= 2019 U-23 Africa Cup of Nations squads =

The following is a list of squads for each national team competing at the 2019 Africa U-23 Cup of Nations. The tournament took place in Egypt, between 8–22 November 2019. It was the third U-23 age group competition organised by the Confederation of African Football (CAF).

The 8 national teams involved in the tournament were required to register a squad of 21 players, including three goalkeepers.
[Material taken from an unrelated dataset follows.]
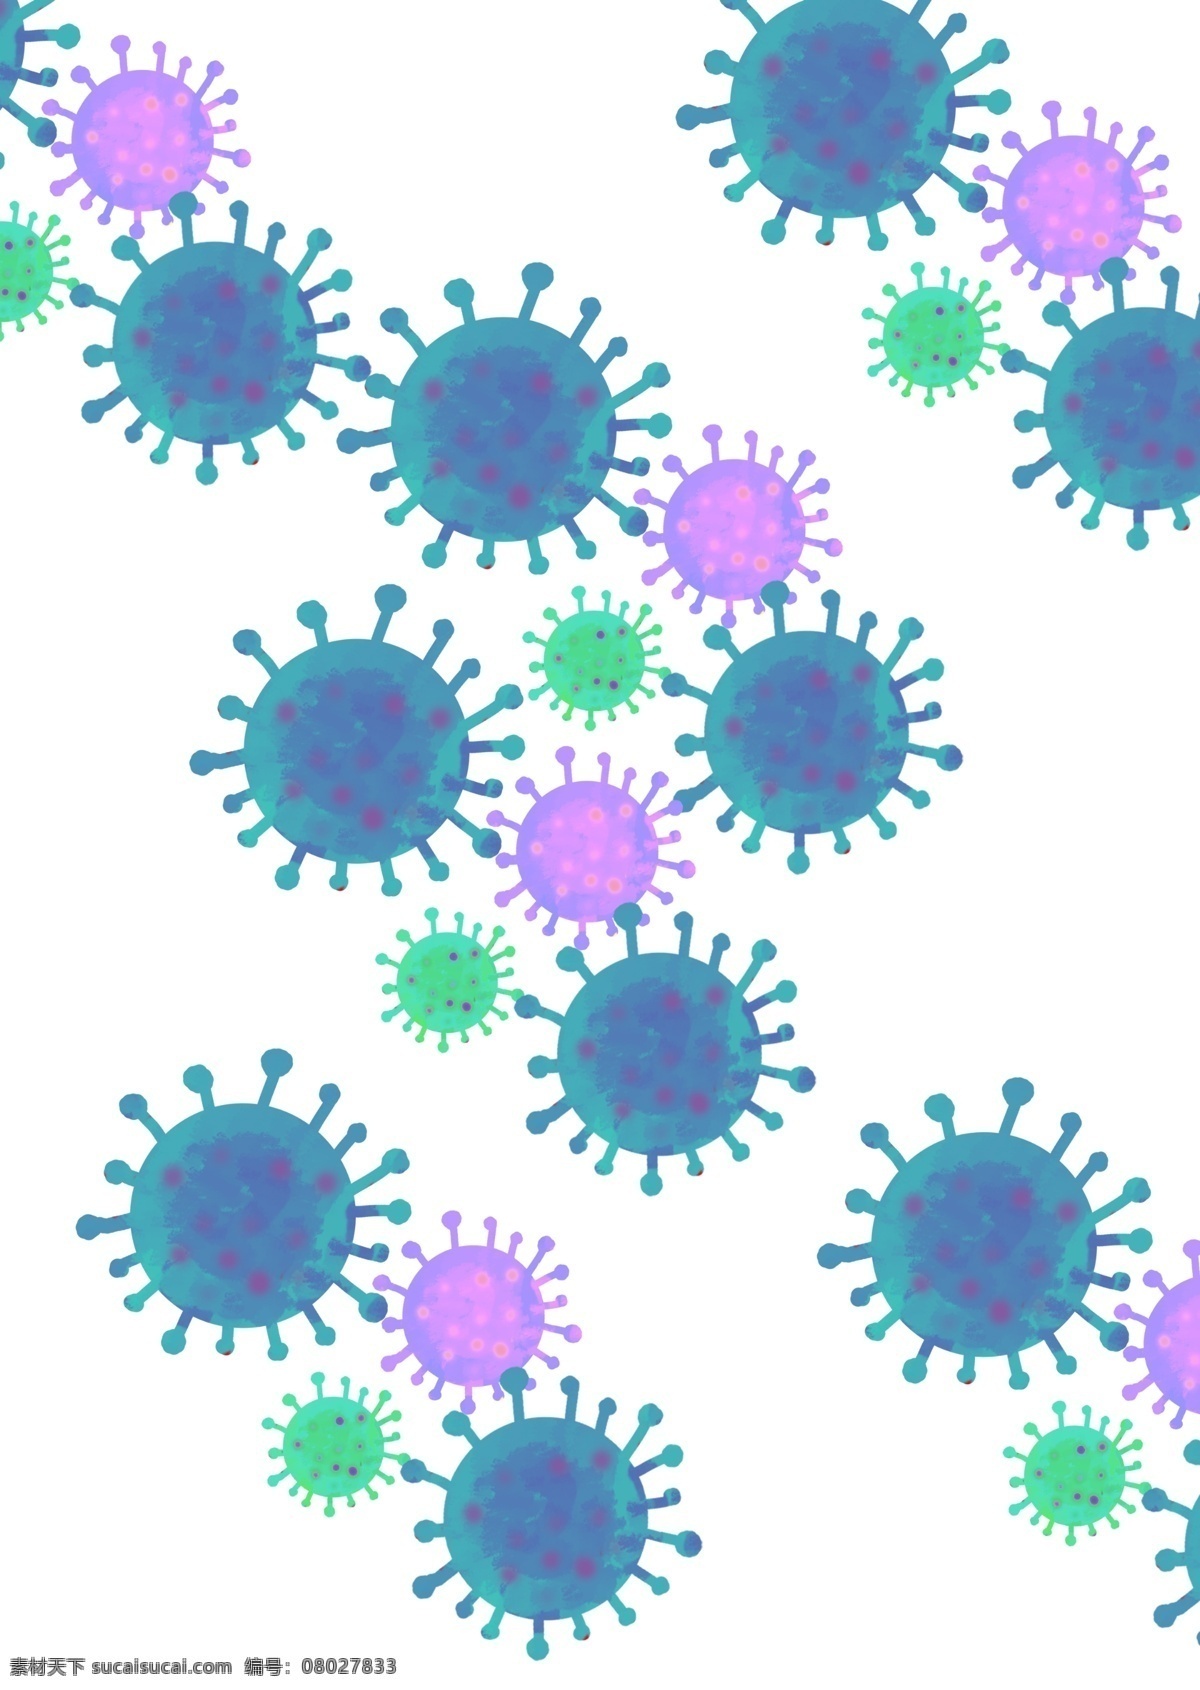 病毒 病毒素材 圆形病毒 新型冠状病毒 病菌 细菌 微生物 流感 感冒 卡通设计
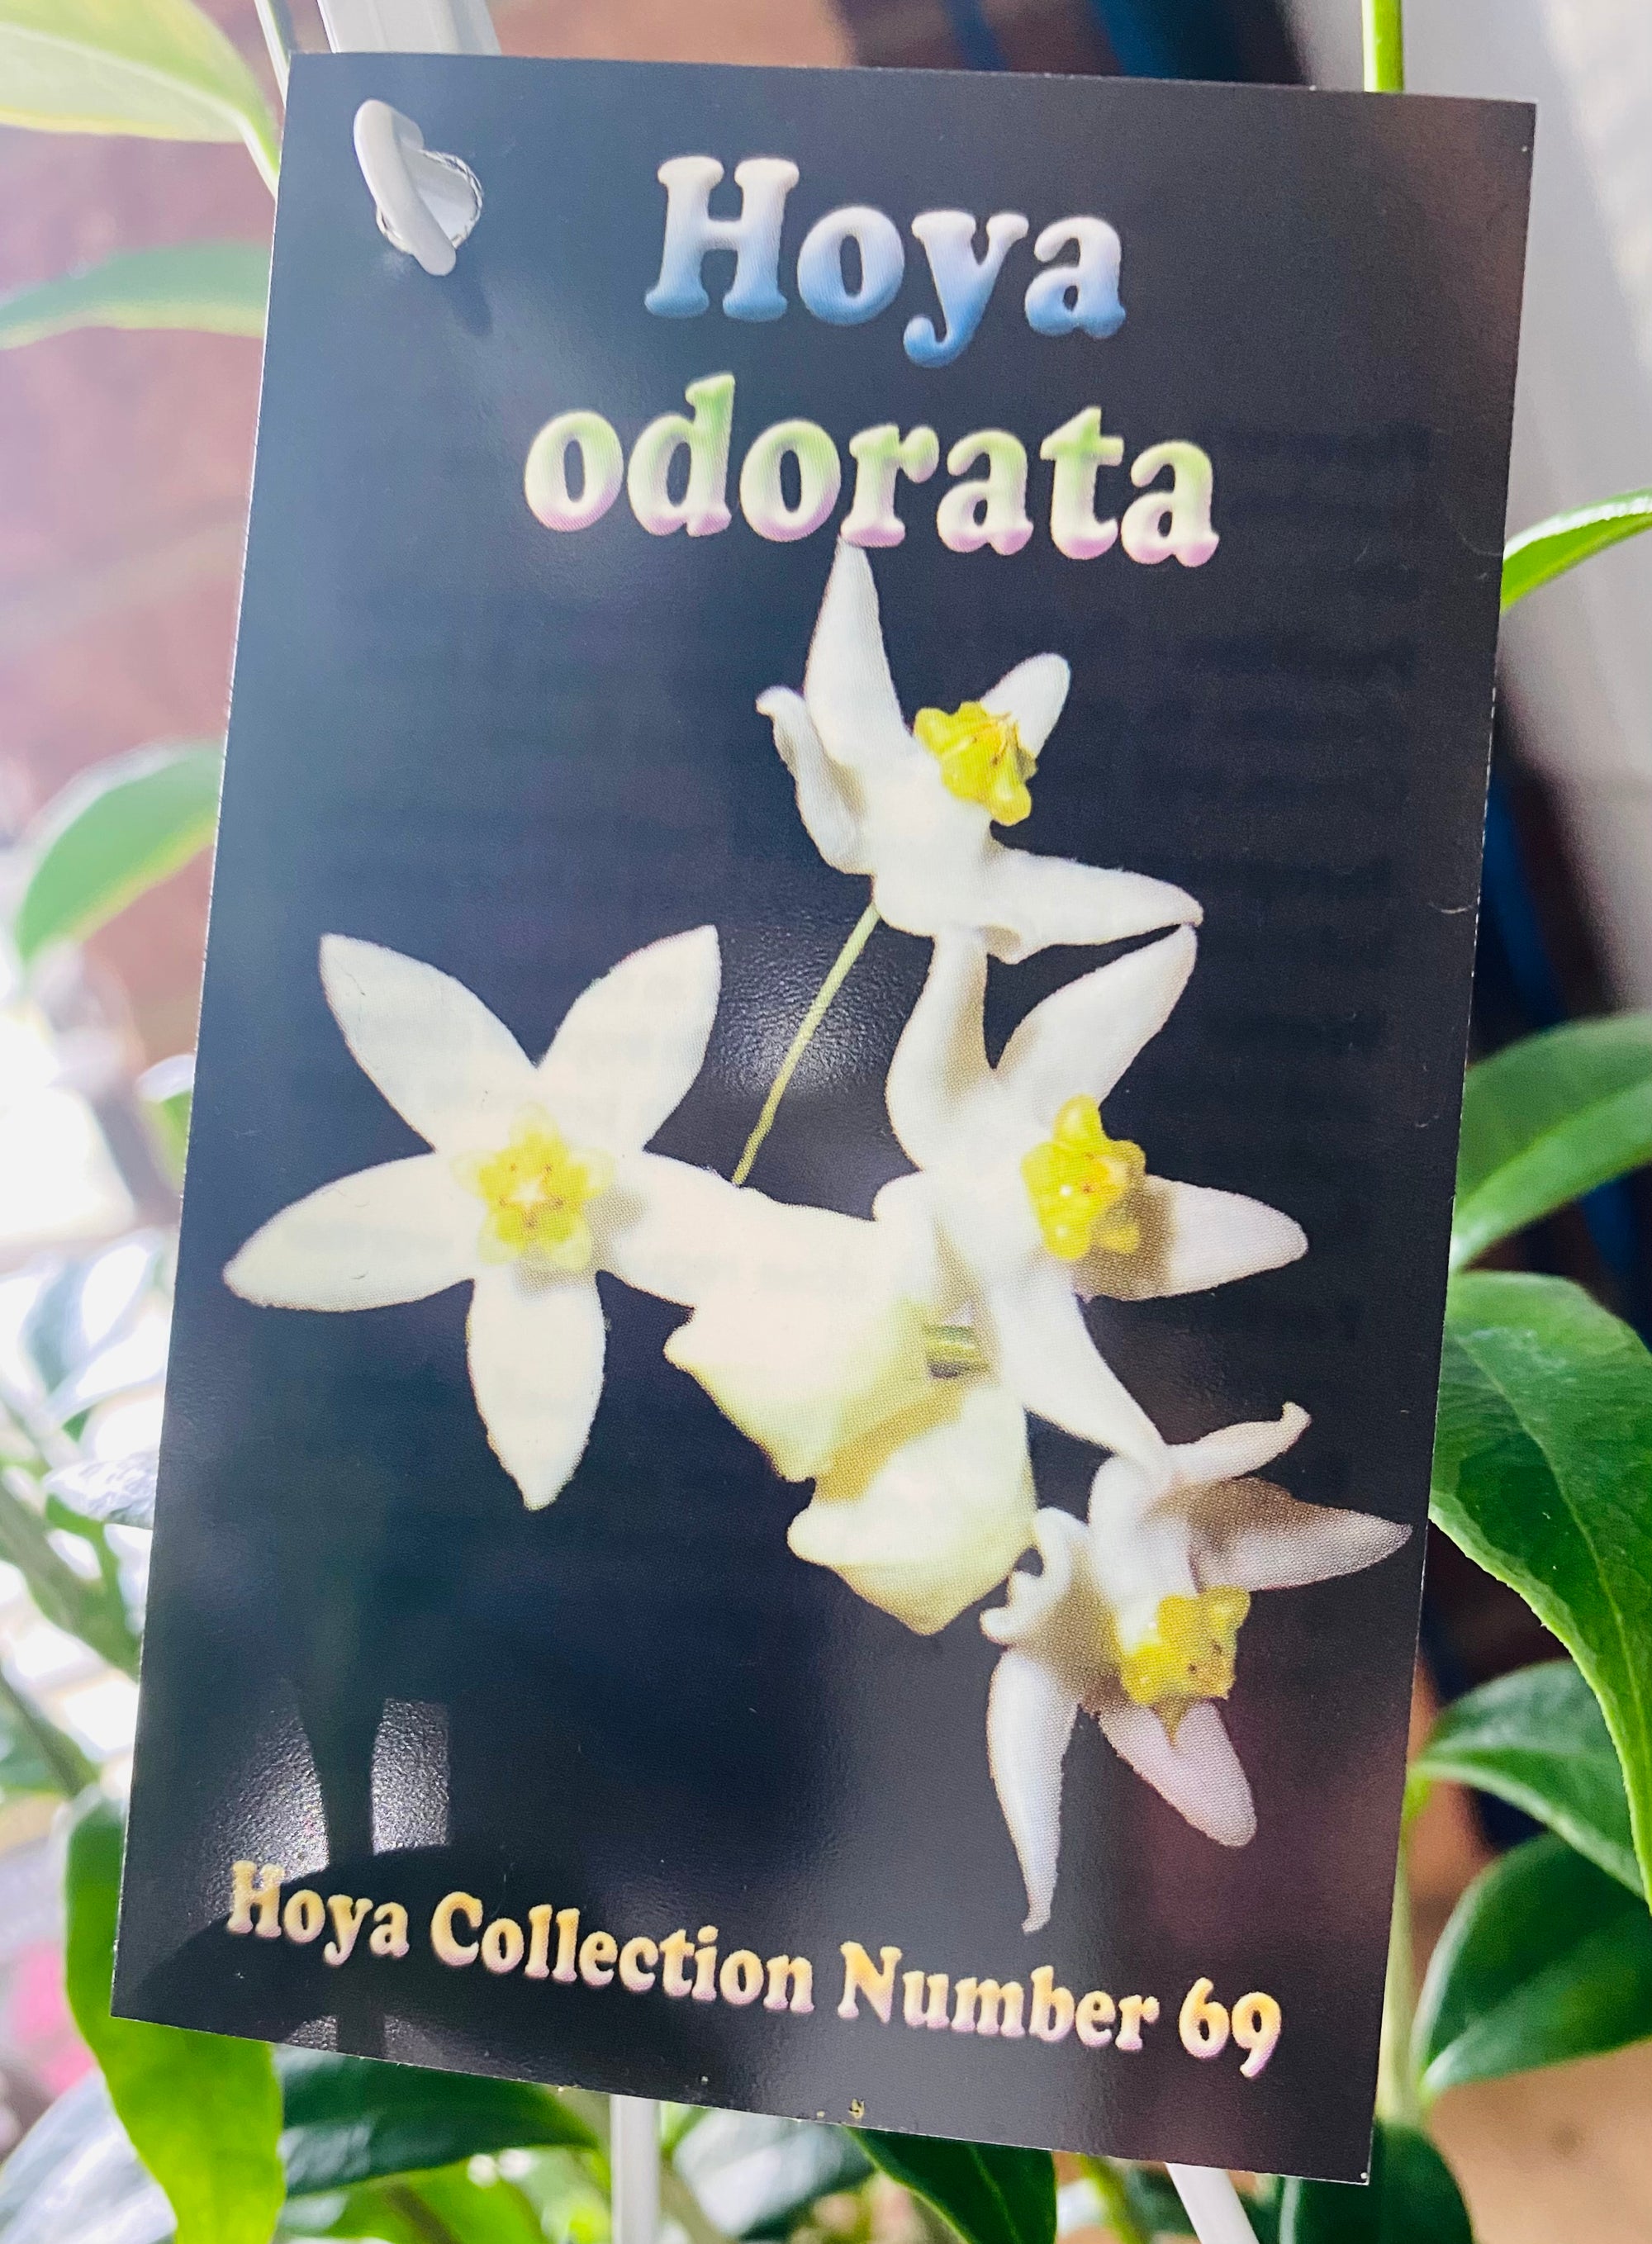 Hoya - Odorata Collection No. 69

Only players in these squads were eligible to take part in the tournament. Players born on or after 1 January 1997 were eligible to compete in the tournament. On 5 November 2019, CAF published the final lists with squad numbers on their website.

The full squad listings are below. The position listed for each player is per the official squad list published by CAF. The age listed for each player is on 8 November 2019, the first day of the tournament. The nationality for each club reflects the national association (not the league) to which the club is affiliated. A flag is included for coaches who are of a different nationality than their own national team.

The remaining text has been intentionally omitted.